As they say, communication is key, whether that’s at our workplace, in our relationships, or when we’re just out and about. But at some point, our skills aren’t always at their best. You may have been accused of not listening or not being able to politely agree to disagree.
So, why is that? We asked an expert for some analysis.
Marie Schaaf Gallagher, PH. D. is a clinical neuropsychologist at Sanford Health in Bismarck.
“Neuropsychology is the connection between the brain functioning and our behaviors: what we do and how we think and our thinking skills,” Gallagher said.
In her career, Gallagher has seen lots of change. But she points out the biggest change she has seen is the use of technology.
“Most of our tests are paper, pencil tests that we give to patients. And a lot of that is moving to tablet-based administration and computerized administration,” Gallgher said.
Gallagher said technology is not only changing how she and her colleagues do their job, it’s also changing us.
“Technology can be a great tool for lots of reasons. It also decreases some of the components of interpersonal communication,” Gallagher said.
Some of those crucial ingredients missing when communicating electronically, Gallagher explained, include body language and tone of voice.
“Social media moves very quickly. And so, we don’t always give ourselves time to pause and think about how our message is being conveyed and how it might be received,” Gallagher said.
Another pitfall with technology, Gallagher said, is it call allow us to limit the information we see to fit our needs and way of thinking. However, Gallagher isn’t the only one who’s notices what can exist in the social media world.
“I don’t use a lot of social media,” John, a Bismarck resident said. “I just don’t really like everything that’s put out there.”
“I stopped using it so much,” Bismarck resident Crystal said. “Just the drama, I guess. If you find yourself on there and you can’t get away from it… you got to find a way to stay away from the drama.”
So, how do you disconnect and learn to be more open?

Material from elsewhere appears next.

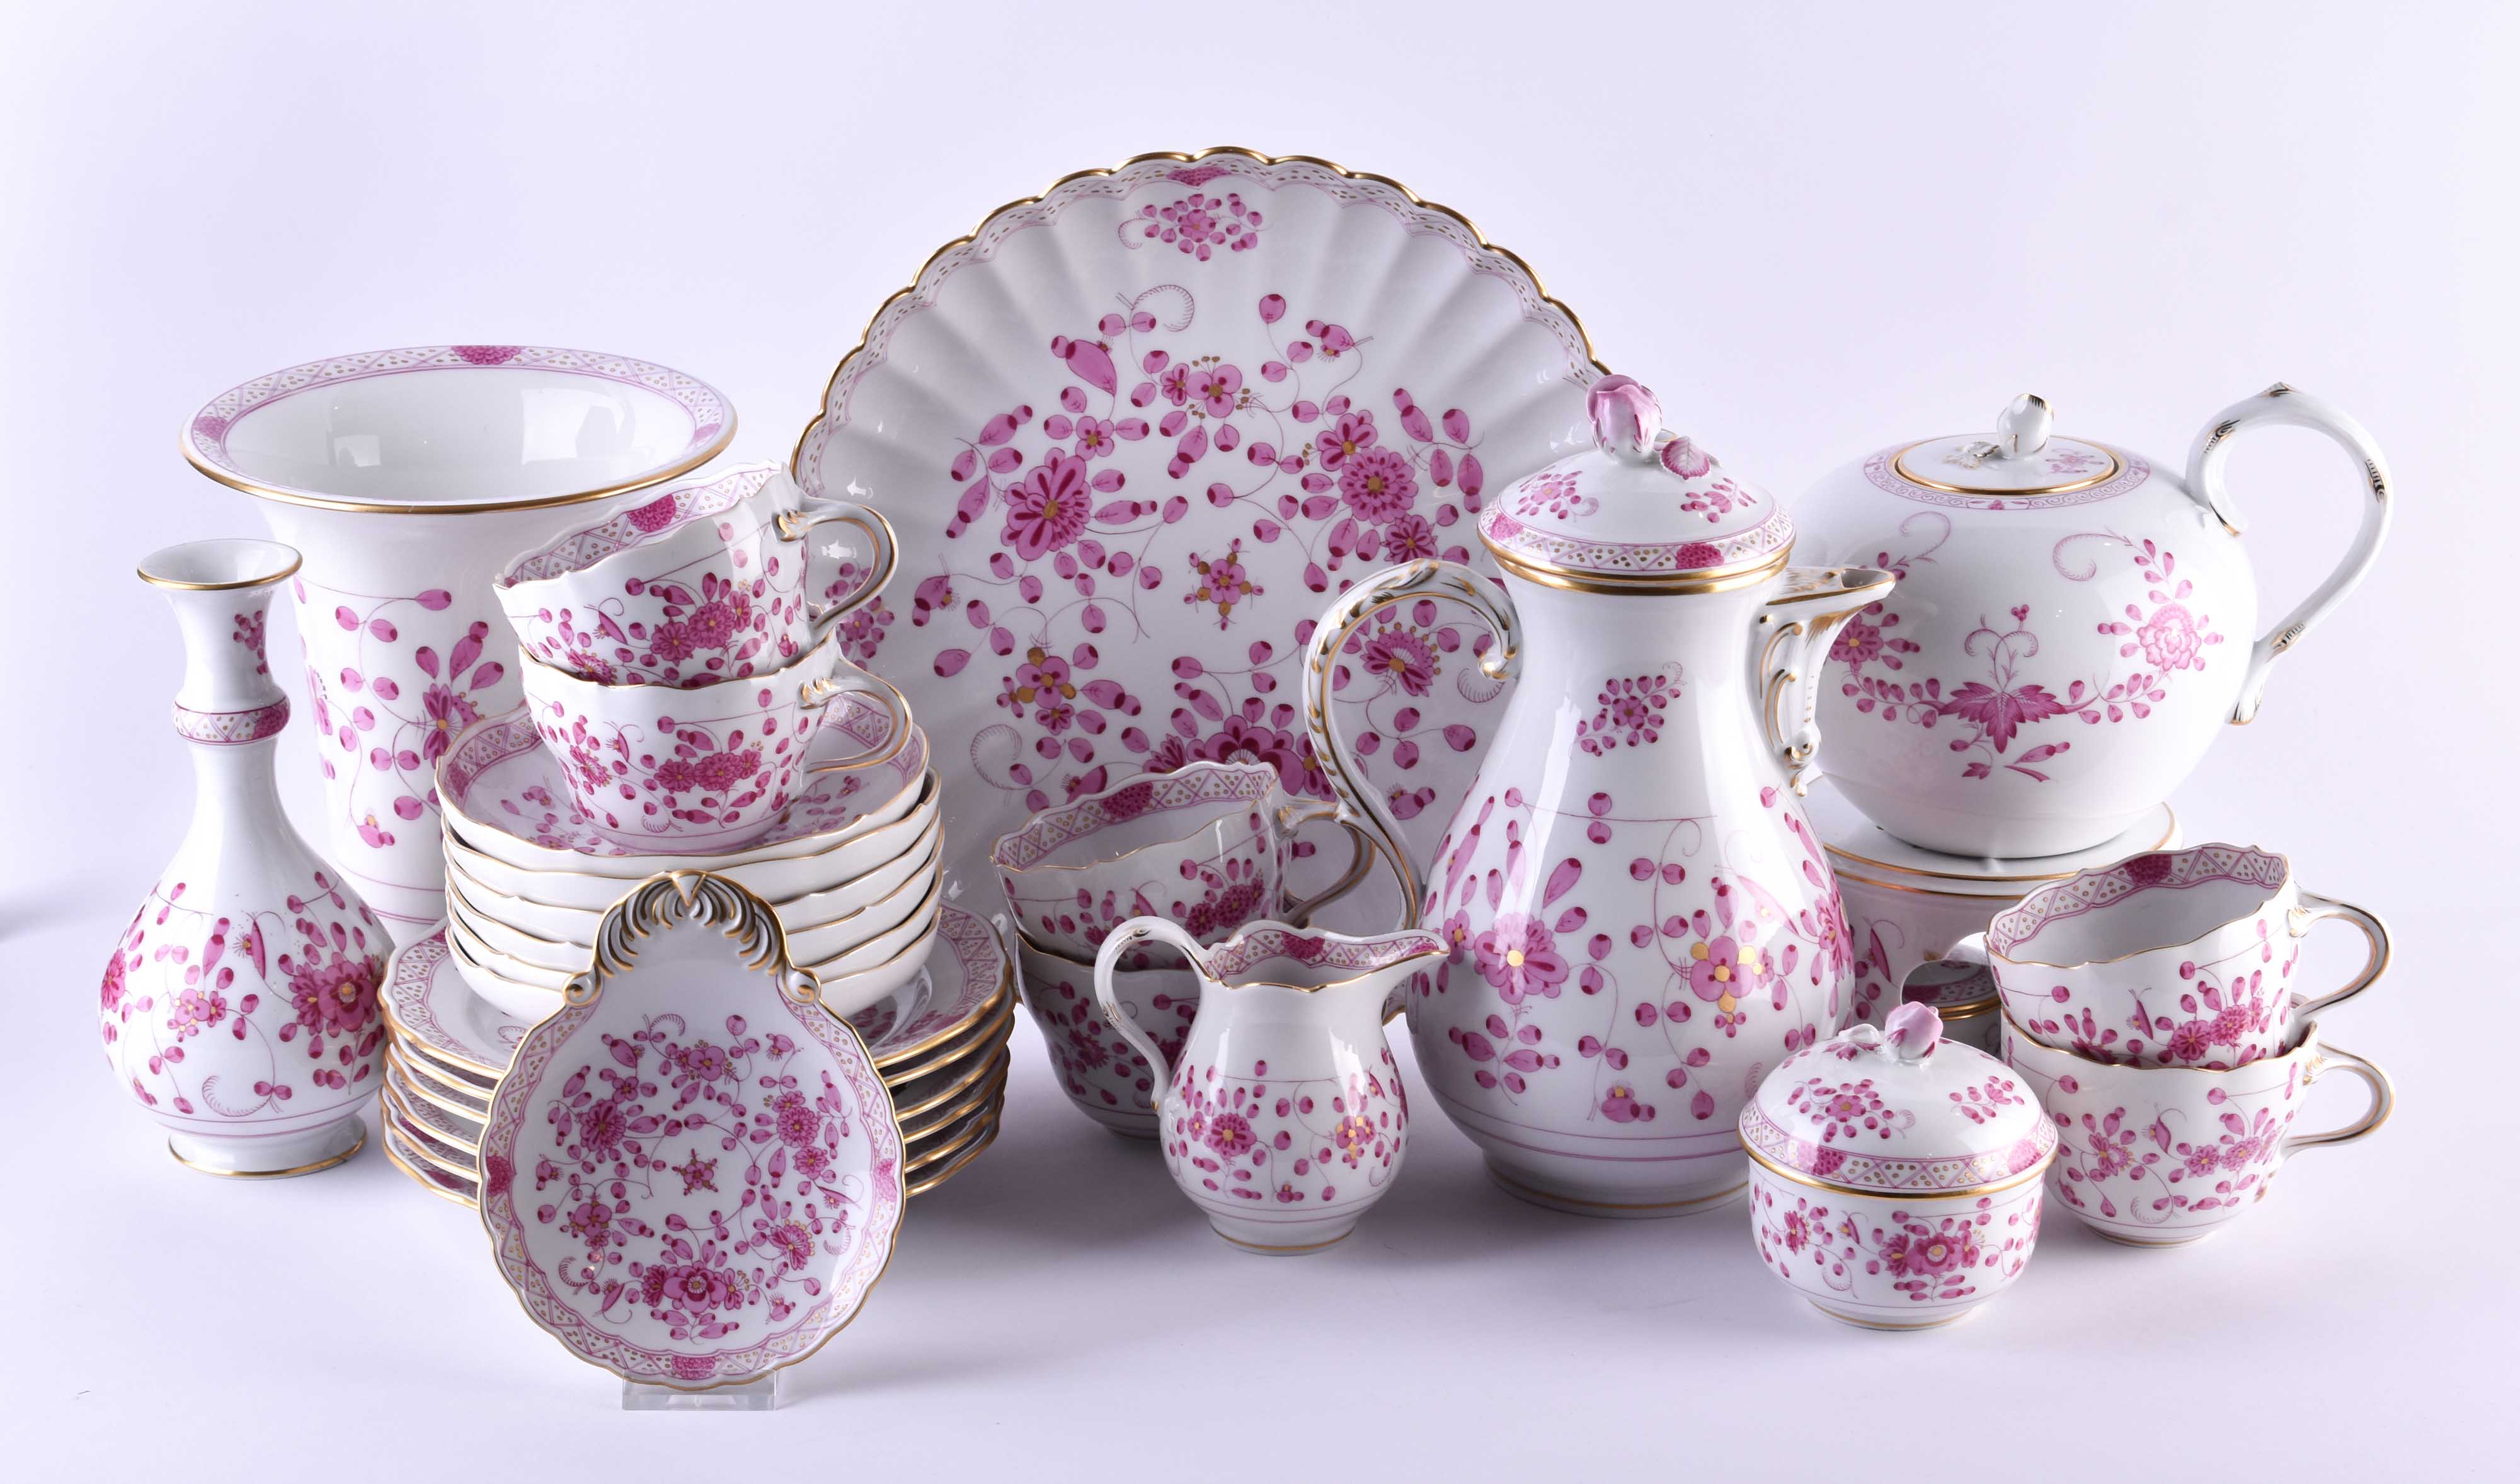 Coffee/tea service for 6 persons Meissen - Image 2 of 6

The doctor offered this diagnosis.
“Let social media or let your technology help you set an alarm on your phone, so that every day, if you’ve been on the phone for 30 minutes, it says: ‘Hey! Get off your phone’,” Gallagher said.
What also might help, Gallagher said, is meeting with different groups of people. You can also read; Gallagher recommends fiction, so that you can practice putting yourself in a different world. And of course, be sure to have more and more conversations off-line, like an old fashioned phone call.

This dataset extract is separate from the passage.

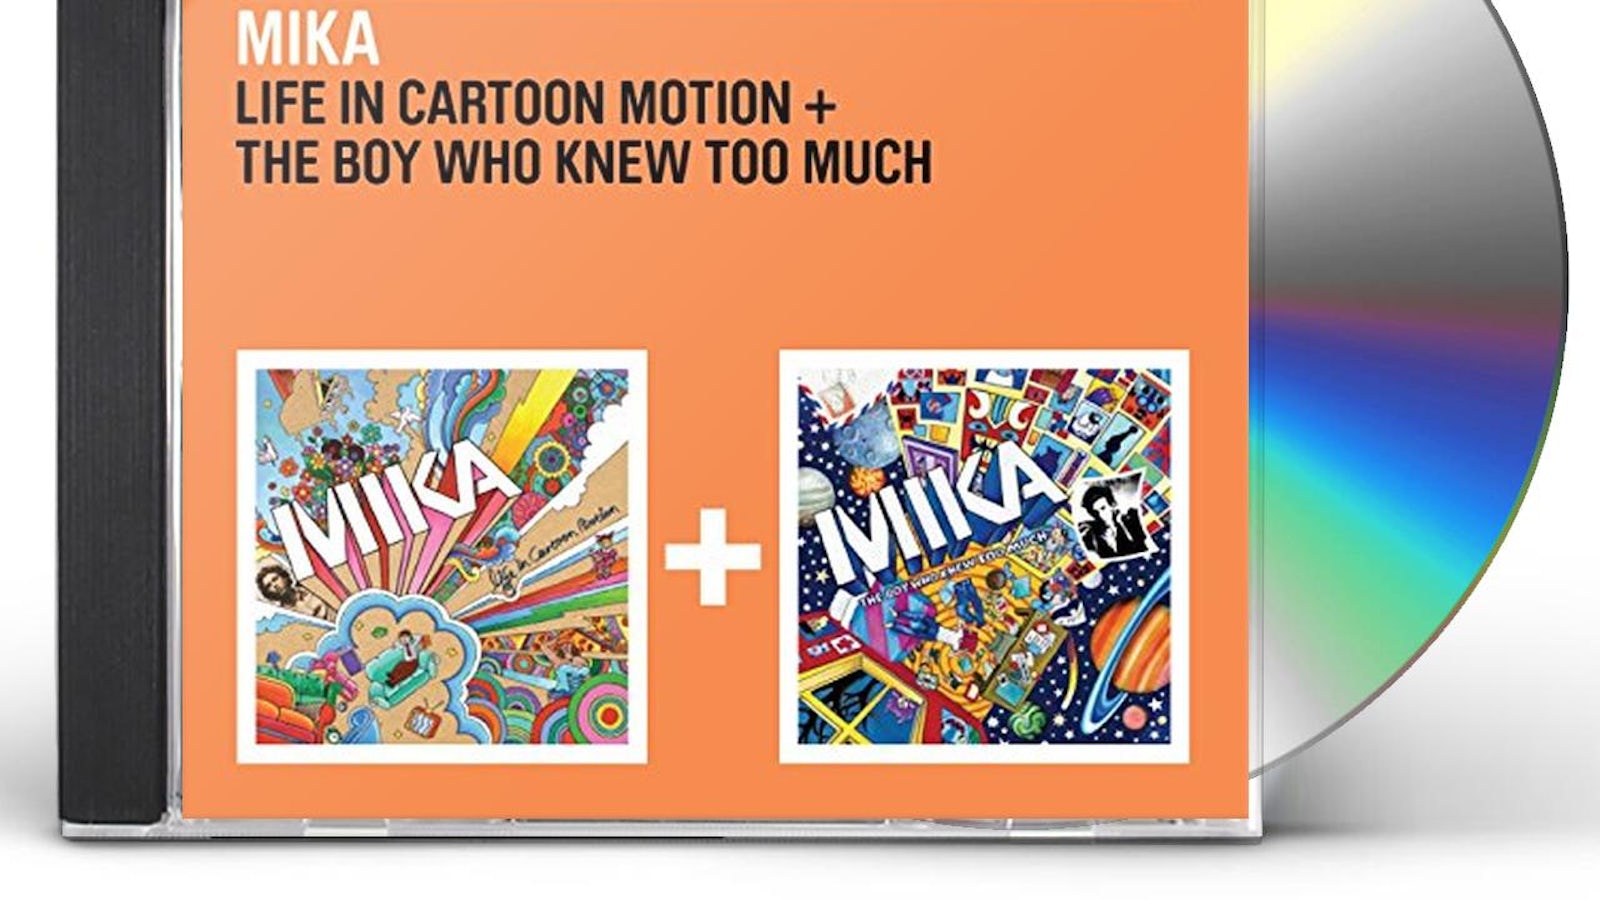 MIKA LIFE IN CARTOON MOTION / BOY WHO KNEW TOO MUCH CD

Because, when it comes time to communicate face to face, without that practice, your interpersonal skills won’t improve. In other words, use it or lose it.
Despite Gallagher’s findings, she said even with our increase in use of technology, like texting or Tweeting, she is not seeing attention spans diminishing. She also said if you find yourself being short with people, more than usual, make sure you’re eating right and sleeping well. Otherwise, be sure to see a healthcare provider.